Comet and meteoroid impacts are also thought to be responsible for the existence of tektites and australites.
Fate of comets
Departure (ejection) from Solar System
If a comet is traveling fast enough, it may leave the Solar System; such is the case for hyperbolic comets.
To date, comets are only known to be ejected by interacting with another object in the Solar System, such as Jupiter. An example of this is thought to be Comet C/1980 E1, which was shifted from a predicted orbit of 7.1 million years around the Sun, to a hyperbolic trajectory, after a 1980 encounter with the planet Jupiter.
Jupiter-family comets and long-period comets appear to follow very different fading laws. The JFCs are active over a lifetime of about 10,000 years or ~1,000 orbits whereas long-period comets fade much faster. Only 10% of the long-period comets survive more than 50 passages to small perihelion and only 1% of them survive more than 2,000 passages.
Eventually most of the volatile material contained in a comet nucleus evaporates away, and the comet becomes a small, dark, inert lump of rock or rubble that can resemble an asteroid.
Some asteroids in elliptical orbits are now identified as extinct comets. Roughly six percent of the near-Earth asteroids are thought to be extinct nuclei of comets that no longer emit gas.
Breakup and collisions
The nucleus of some comets may be fragile, a conclusion supported by the observation of comets splitting apart.
A significant cometary disruption was that of Comet Shoemaker–Levy 9, which was discovered in 1993. A close encounter in July 1992 had broken it into pieces, and over a period of six days in July 1994, these pieces fell into Jupiter's atmosphere—the first time astronomers had observed a collision between two objects in the Solar System.
Other splitting comets include 3D/Biela in 1846 and 73P/Schwassmann–Wachmann from 1995 to 2006. Greek historian Ephorus reported that a comet split apart as far back as the winter of 372–373 BC. Comets are suspected of splitting due to thermal stress, internal gas pressure, or impact.
Comets 42P/Neujmin and 53P/Van Biesbroeck appear to be fragments of a parent comet. Numerical integrations have shown that both comets had a rather close approach to Jupiter in January 1850, and that, before 1850, the two orbits were nearly identical.
Some comets have been observed to break up during their perihelion passage, including great comets West and Ikeya–Seki. Biela's Comet was one significant example, when it broke into two pieces during its passage through the perihelion in 1846.
These two comets were seen separately in 1852, but never again afterward.

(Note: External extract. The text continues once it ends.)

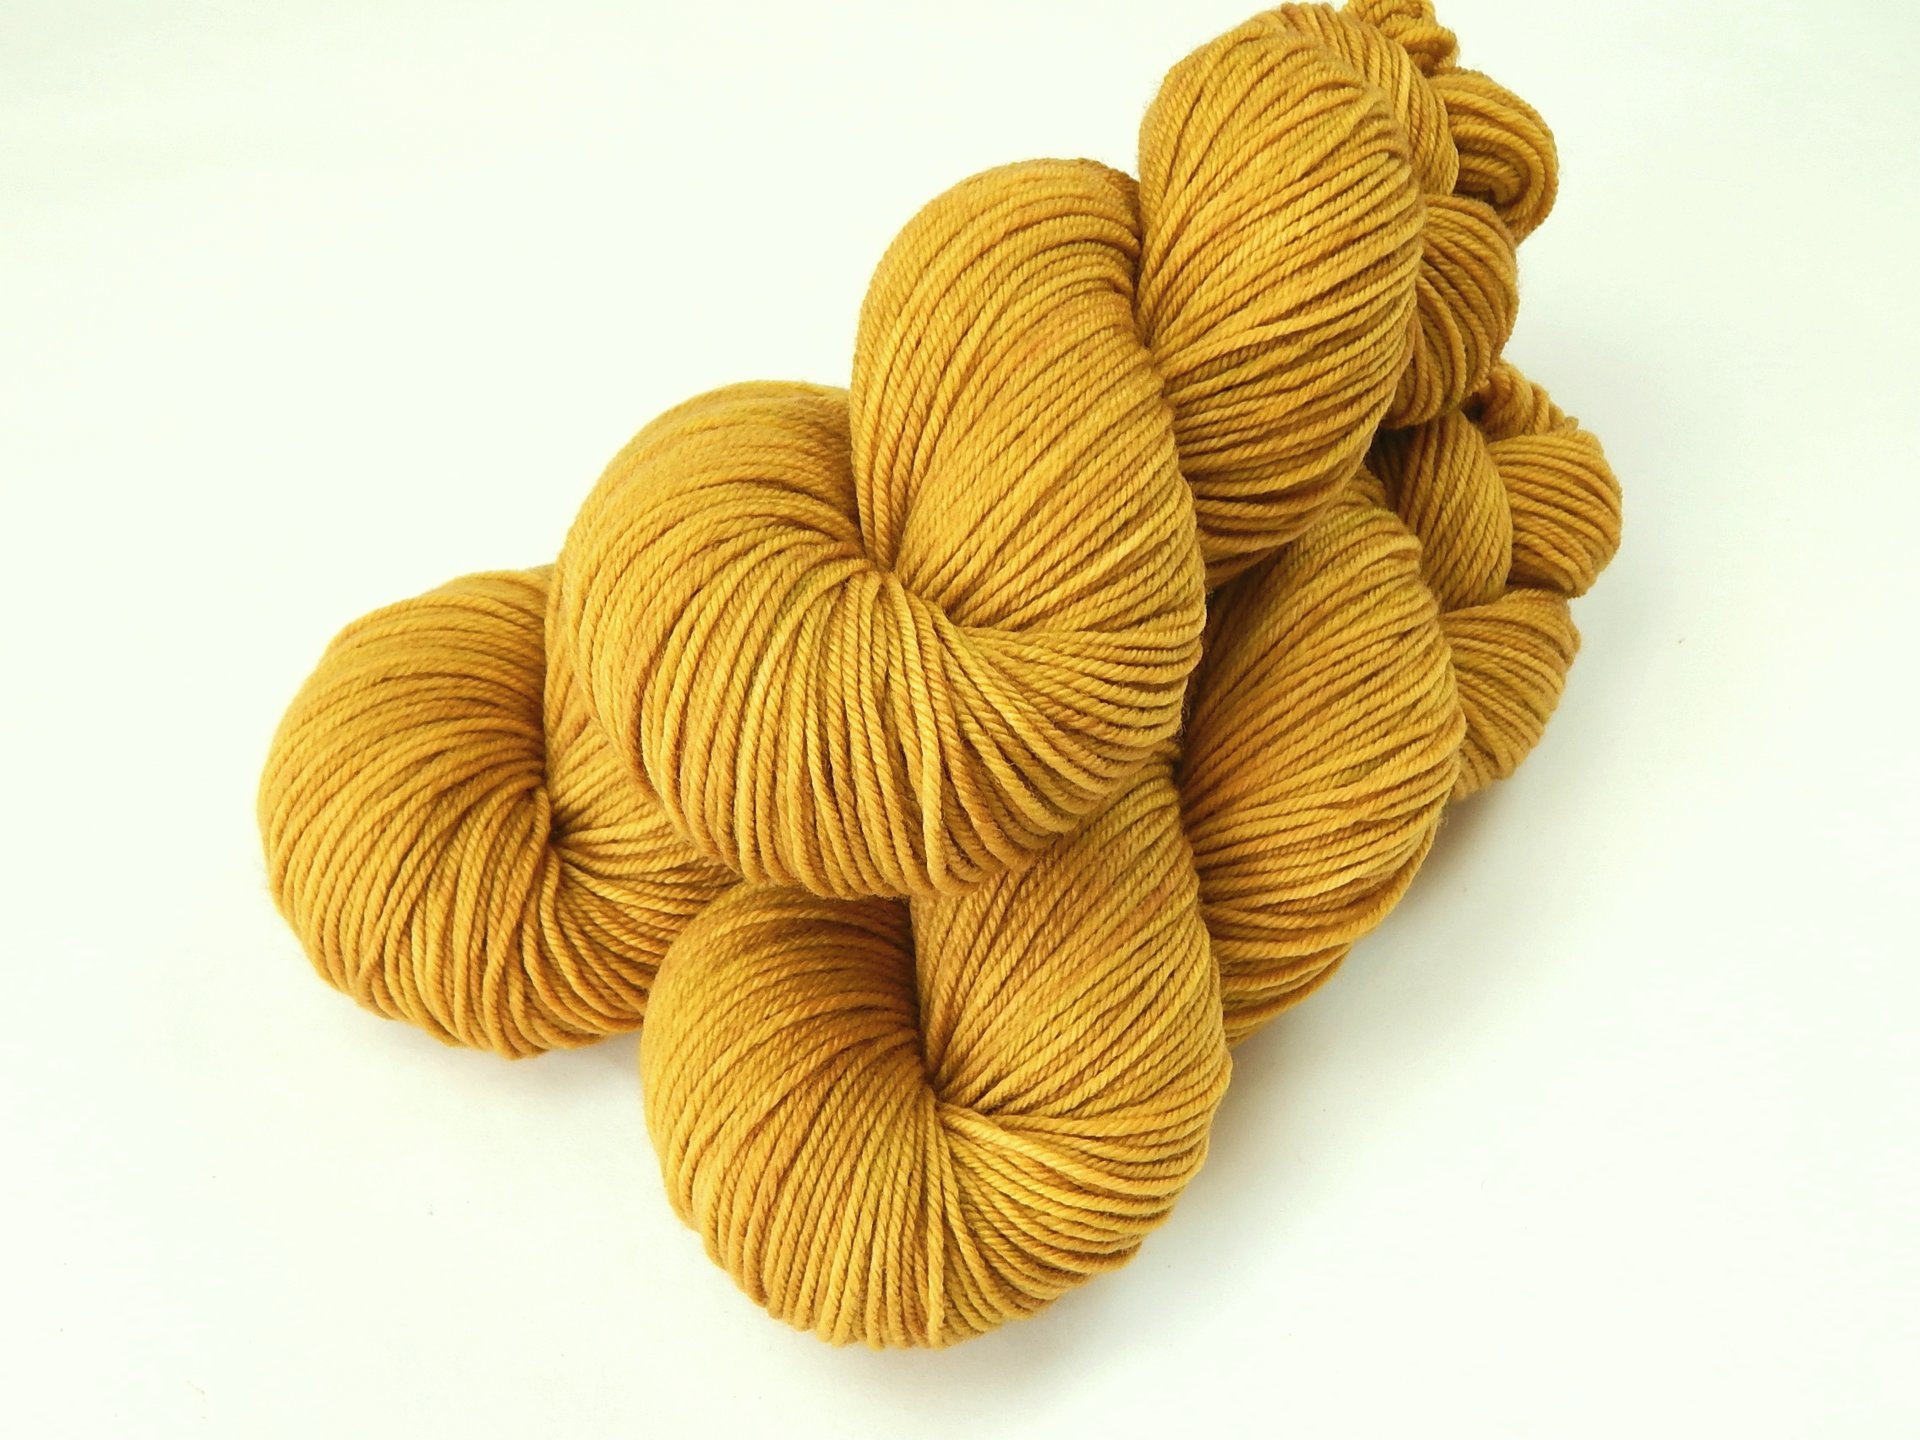 Hand Dyed Yarn, DK Weight Superwash Merino Wool - Honey Mustard - Soft Tonal Yellow Gold Indie Dyer Yarn, Wool Yarn for Knitting Crochet

Instead, spectacular meteor showers were seen in 1872 and 1885 when the comet should have been visible.
A minor meteor shower, the Andromedids, occurs annually in November, and it is caused when the Earth crosses the orbit of Biela's Comet.
Some comets meet a more spectacular end – either falling into the Sun or smashing into a planet or other body.
Collisions between comets and planets or moons were common in the early Solar System: some of the many craters on the Moon, for example, may have been caused by comets.
A recent collision of a comet with a planet occurred in July 1994 when Comet Shoemaker–Levy 9 broke up into pieces and collided with Jupiter.